Легкосвистный шелк сладко запел, когда повернула к выходу.
Вьюжное облачко занавесило блеск лампадки.
И вновь развеялось.
И пурпуровый огонек знаменательно засверкал, озаряя образ Богородицы.
Все кружилось пред ней бледным вихрем — вьюгой, вьюгой.
Вспоминала: «И Слово стало Плотию».
Женщина с золотыми волосами искала всю жизнь воплощения — в улыбках, в словах и делах.

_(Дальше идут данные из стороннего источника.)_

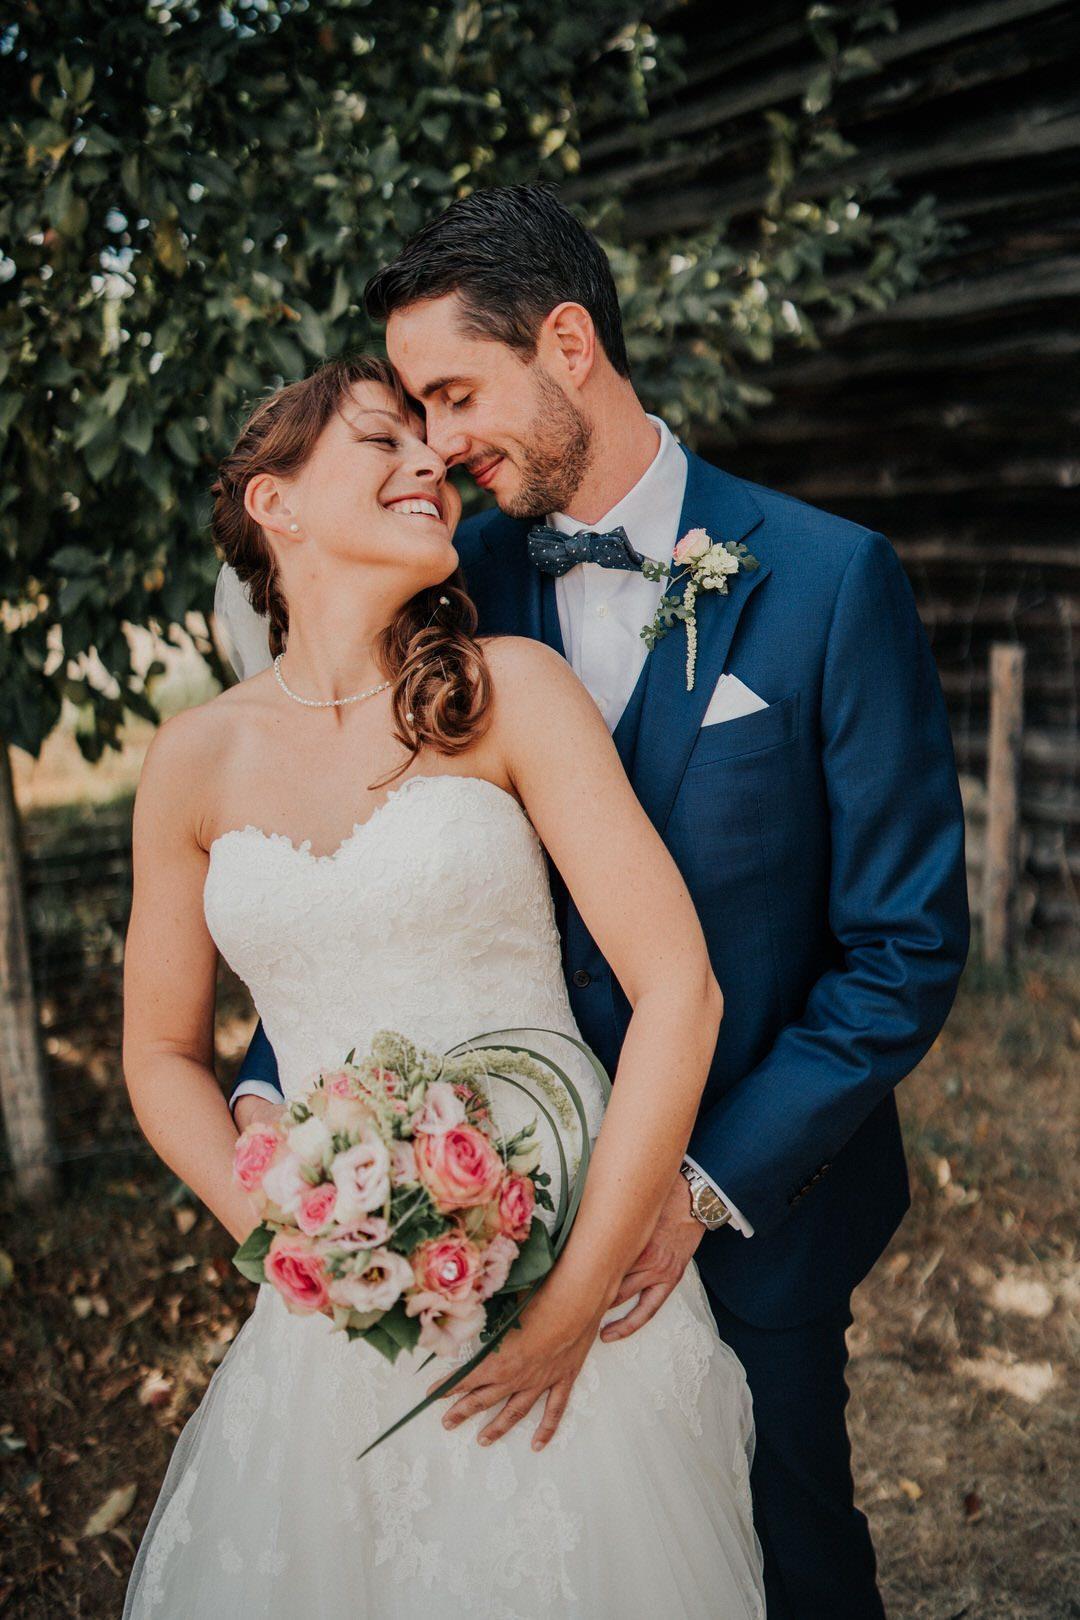 Strahlende braut und glücklicher Bräutigam Stirn an Stirn beim Hochzeits-Paarshoot

Единый вставал Лик, Желанный, — пред ней улыбался, склонялся.
Опять. И опять…
Манил все тою же тайной.
Пробужденный хаос шумно восставал. Белый столб возлетал.
И, как призрачный смычок, скользил вдоль телеграфных проводов, как вдоль струн.
И струны пели: «Наше счастье с нами». Вихряные рога гремели.
Примелькался снег, уносящийся пухом, пролетающий счастьем, как сон.
Дни летели.
Со днями летела она удивленно в пространствах.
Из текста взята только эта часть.